Gender Technological Performativity: Exploring the Digital Divide in Video Gaming

Authors

  • Adriana Gil-Juárez Universitat Rovira i Virgili
  • Joel Feliu Universitat Autònoma de Barcelona
  • Anna Vitores González Universitat Autònoma de Barcelona

Abstract

In this article we revise the field of gender and video games. Video games for their ludic component, which makes their consumption facultative and informal, allow us to understand some of the mechanisms that maintain girls away from the technological realm without using institutional reasons which do not correctly explain the "voluntary" exclusions, that is to say those produced because the person "does not want" or "does not show interest" in participating in a basic sector for society construction. We show how creation and consumption of technology, especially of videogames, in the Occidentalized world, recreates different life spaces for people in function of the invention, distributions and performance of sexual differences.

Keywords

Digital Divide, Gender, Technology, Video Games

Author Biographies

Adriana Gil-Juárez, Universitat Rovira i Virgili

Adriana Gil-Juárez has a PhD. in Psychology from the UAB and she leads JovenTIC, a research group on young people's use of new technology. She teaches social psychology related courses at URV, UAB and UOC. She has recently co-edited with Montse Vall-llovera the book: Género, TIC y Videojuegos (Gender, ICT and Videogames), Barcelona: UOC, 2009.
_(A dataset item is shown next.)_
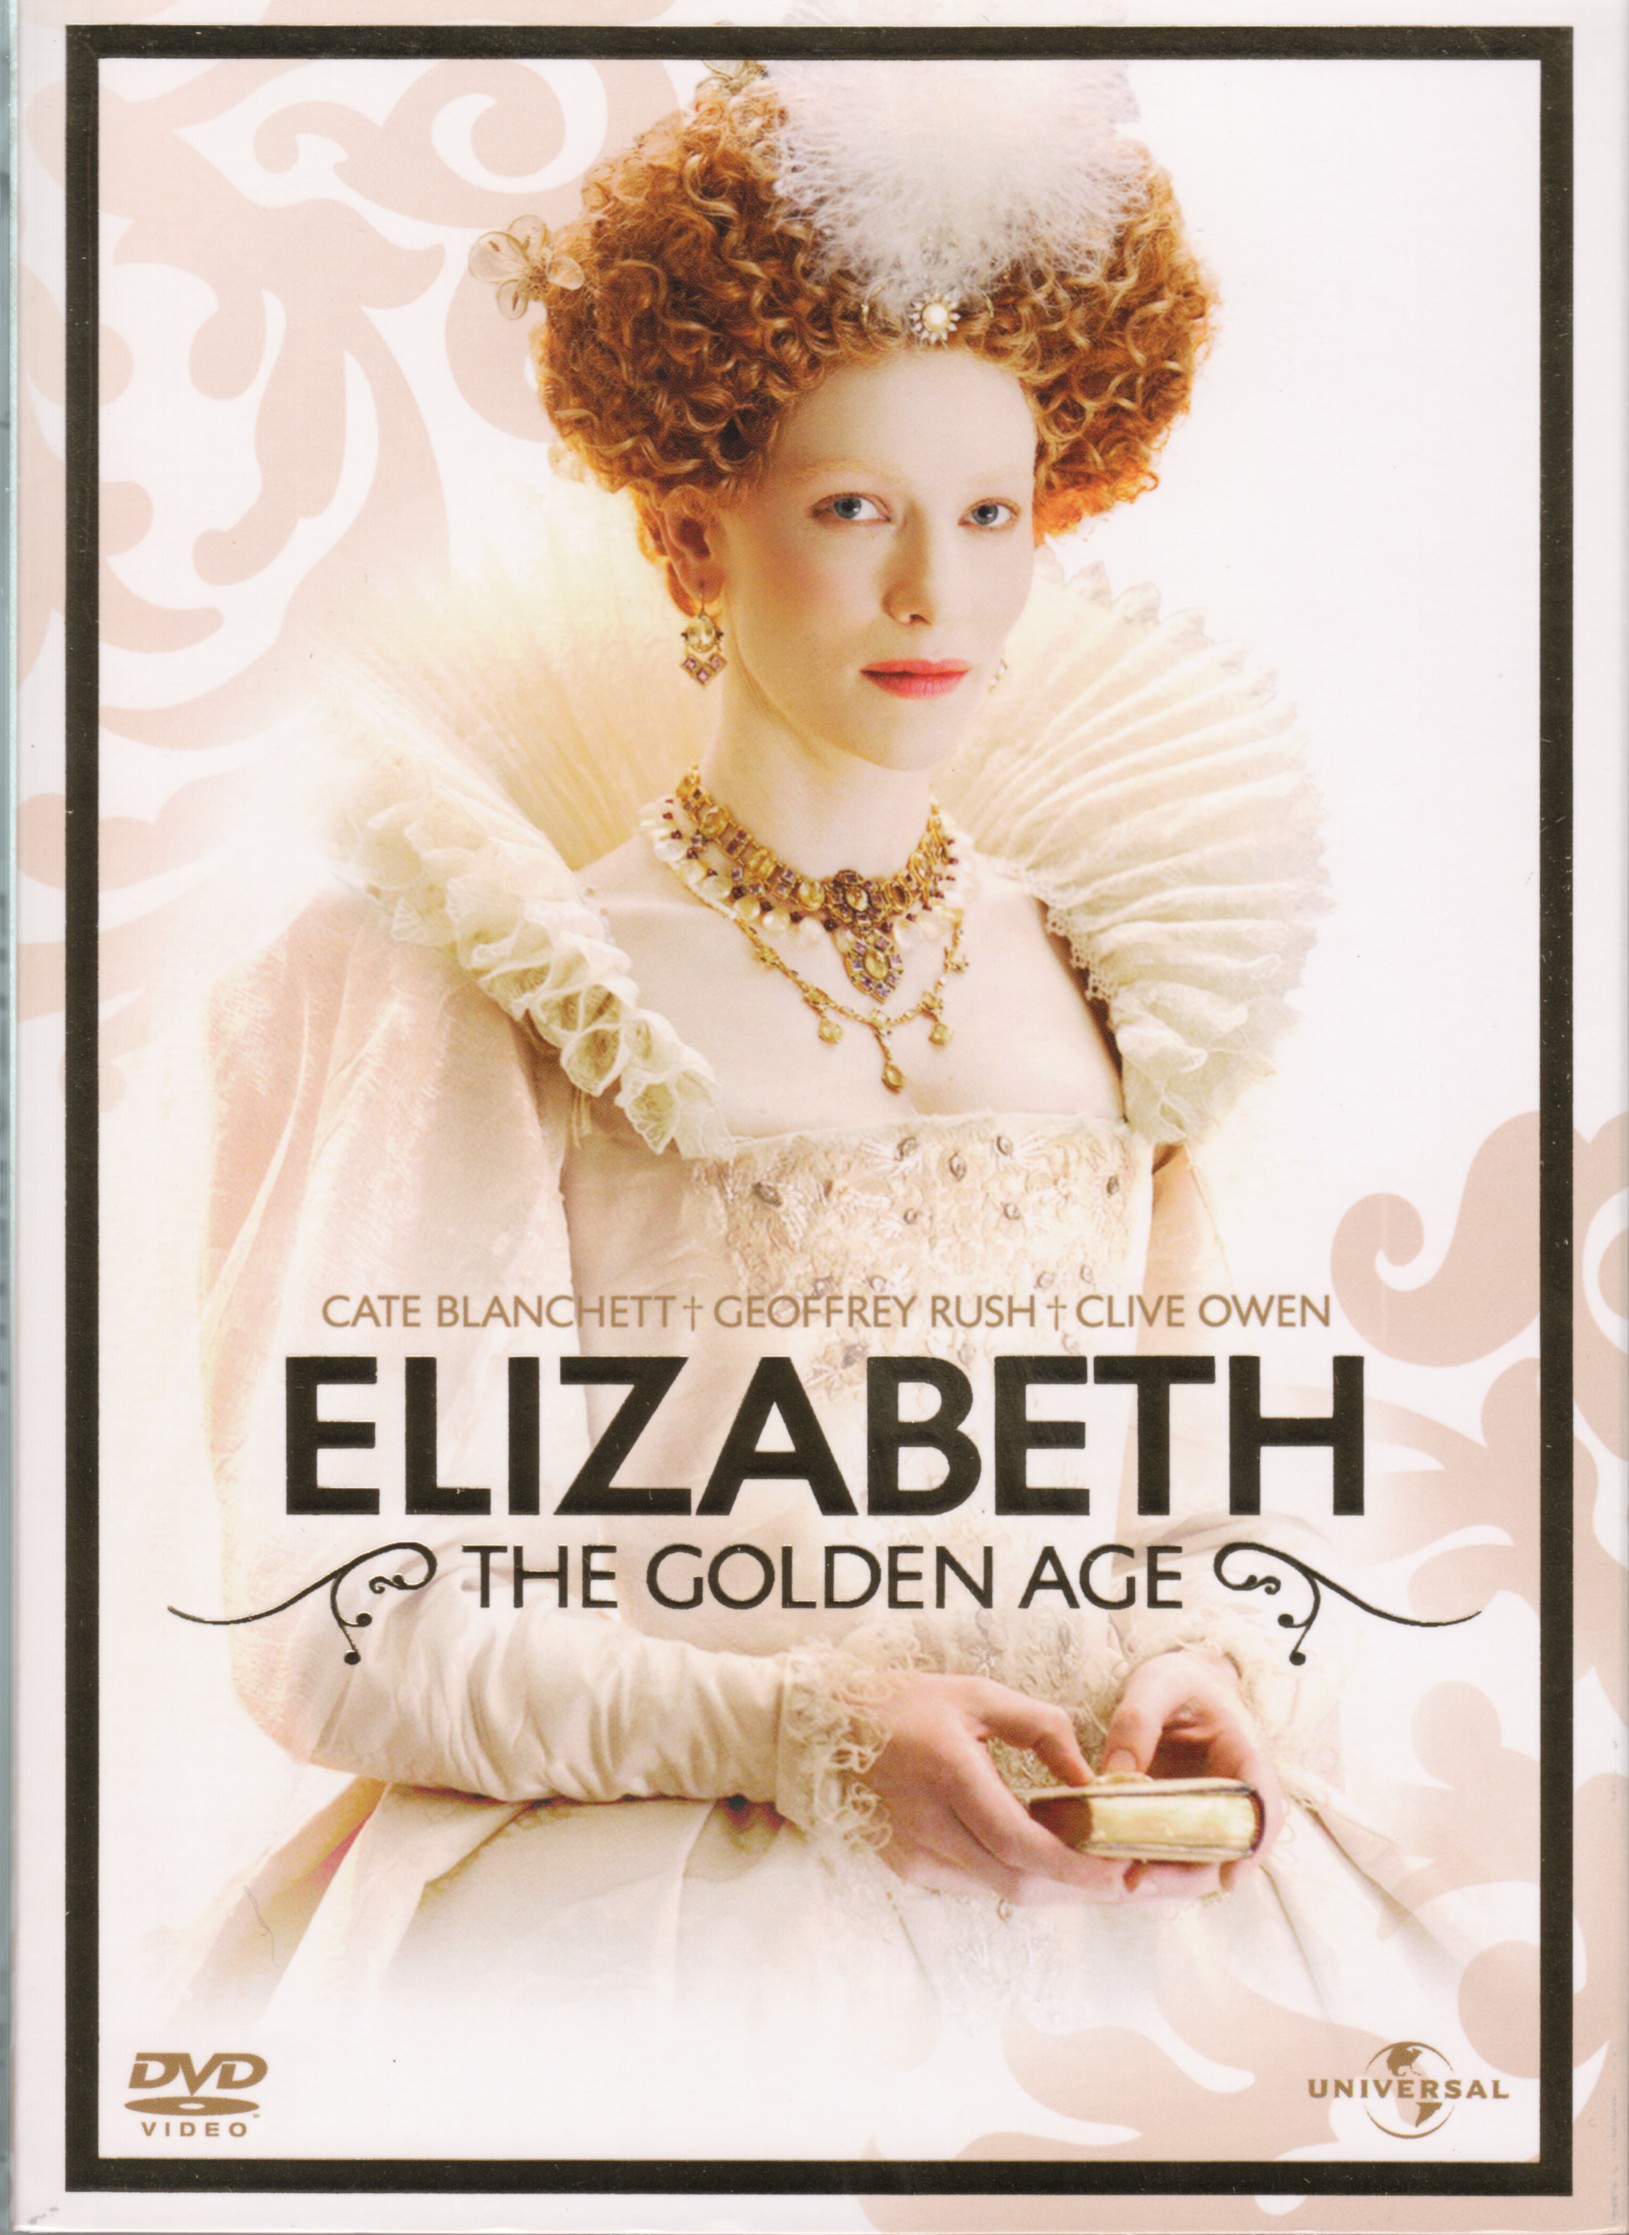 Elizabeth, the golden age

Joel Feliu, Universitat Autònoma de Barcelona

Full Professor at the Social Psychology Department of the UAB and member of the JovenTIC group of research. He has recently contributed to the books Género, TIC y Videojuegos (Gender, ICT and Videogames) (UOC, 2009) and Jóvenes en cibercafés: la dimensión física del futuro virtual (Young People in Cybercafés: the physical dimension of the virtual future) (UOC, 2006).

Anna Vitores González, Universitat Autònoma de Barcelona

PhD. in Social Psychology from the UAB and member of the research groups JovenTIC and GESCIT, both at the UAB. Her research interests are related to the social studies of science and technology, social reproduction processes correlated to technoscientific innovations and qualitative methods of research in the social sciences.